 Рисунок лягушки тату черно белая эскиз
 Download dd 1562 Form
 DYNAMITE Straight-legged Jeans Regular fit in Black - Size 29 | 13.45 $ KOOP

WORK ORDER – Repeat each line, unchanged, from the line that contains "Download dd 1562 Form" to the end of the listing above.

SOLUTION –
 Download dd 1562 Form
 DYNAMITE Straight-legged Jeans Regular fit in Black - Size 29 | 13.45 $ KOOP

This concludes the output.